You may implement more extra features than necessary to receive extra credit on this project. The overall project category grade will be capped to 115% at the end of the semester.

 Have a feature idea? You can propose an extra feature in a public post on Piazza. If approved, the instructor will post the number of points that feature will be worth on the final project.

Input

Your main method must be placed in a class named Driver. The Driver class should accept the following additional command-line arguments:

  • -port num where -port indicates the next argument is the port the web server should use to accept socket connections. Use 8080 as the default value if it is not provided.

    If the -port flag is provided, your code should enable multithreading with the default number of worker threads even if the -threads flag is not provided.

The command-line flag/value pairs may be provided in any order, and the order provided is not the same as the order you should perform the operations (i.e. always build the index before performing search, even if the flags are provided in the other order).

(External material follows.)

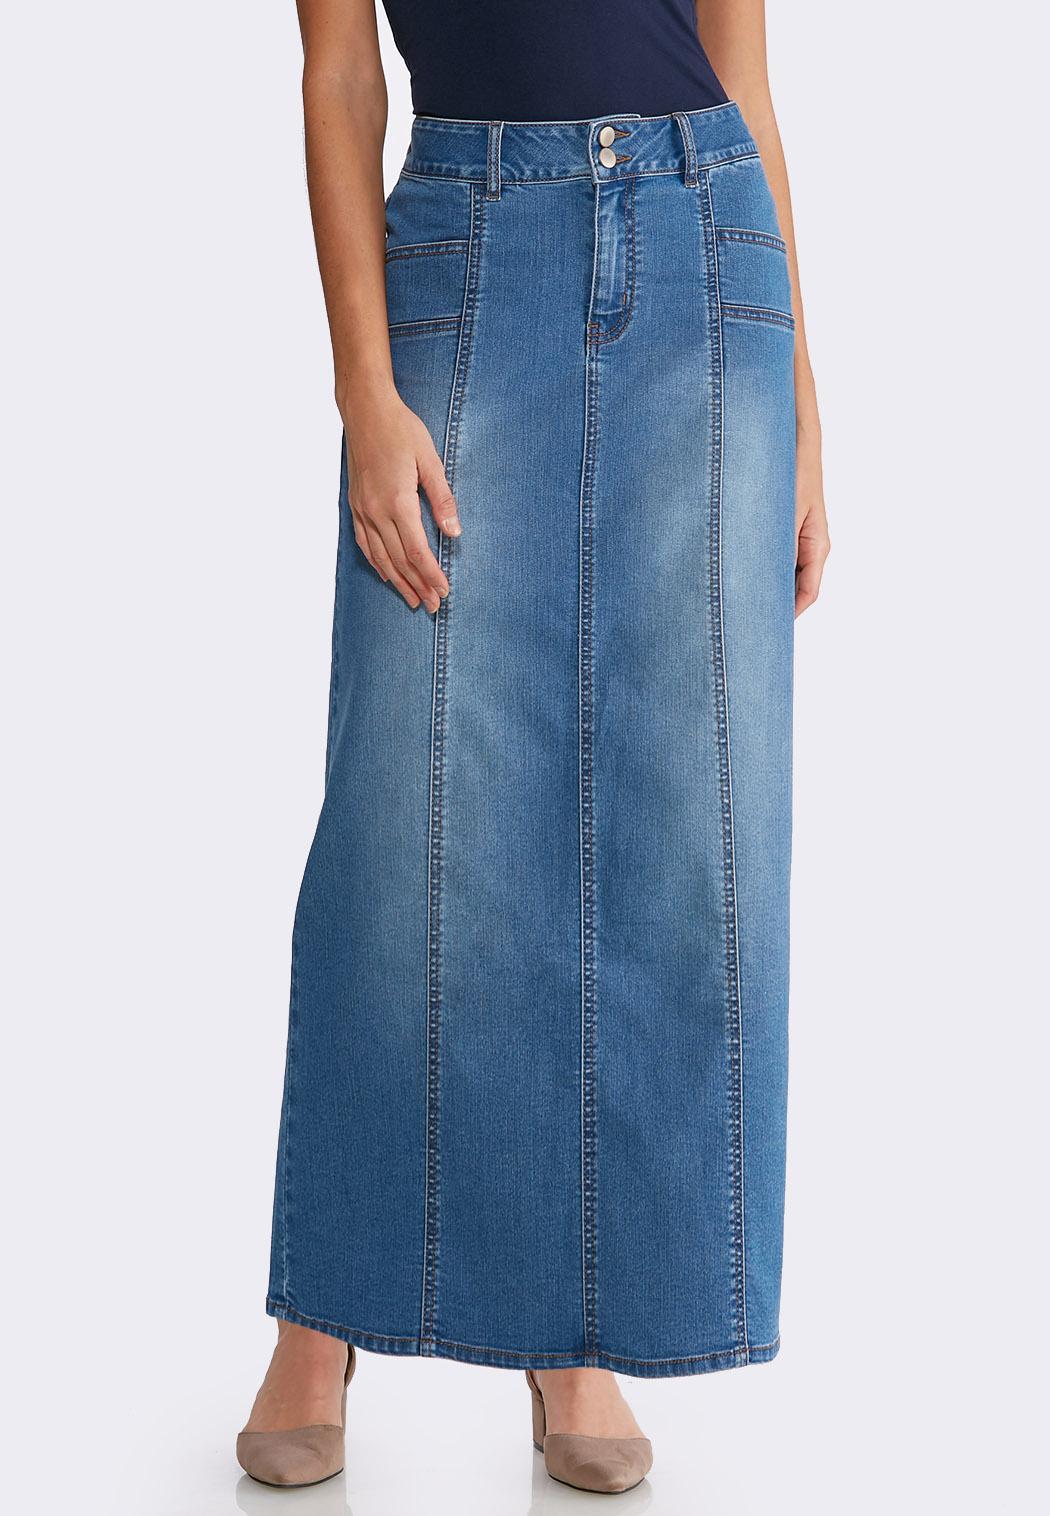 22a36010d80 Women s Plus Size Denim Skirts

Your code should support all of the command-line arguments from the previous project as well.

Output

The majority of the output for this project will be in the form of HTTP responses to a browser. Only output the inverted index or search results to a file if the necessary flags are provided.

Testing

No tests will be provided for this project. Instead, you will demonstrate your search engine functionality to the instructor during your final code review appointment during finals week.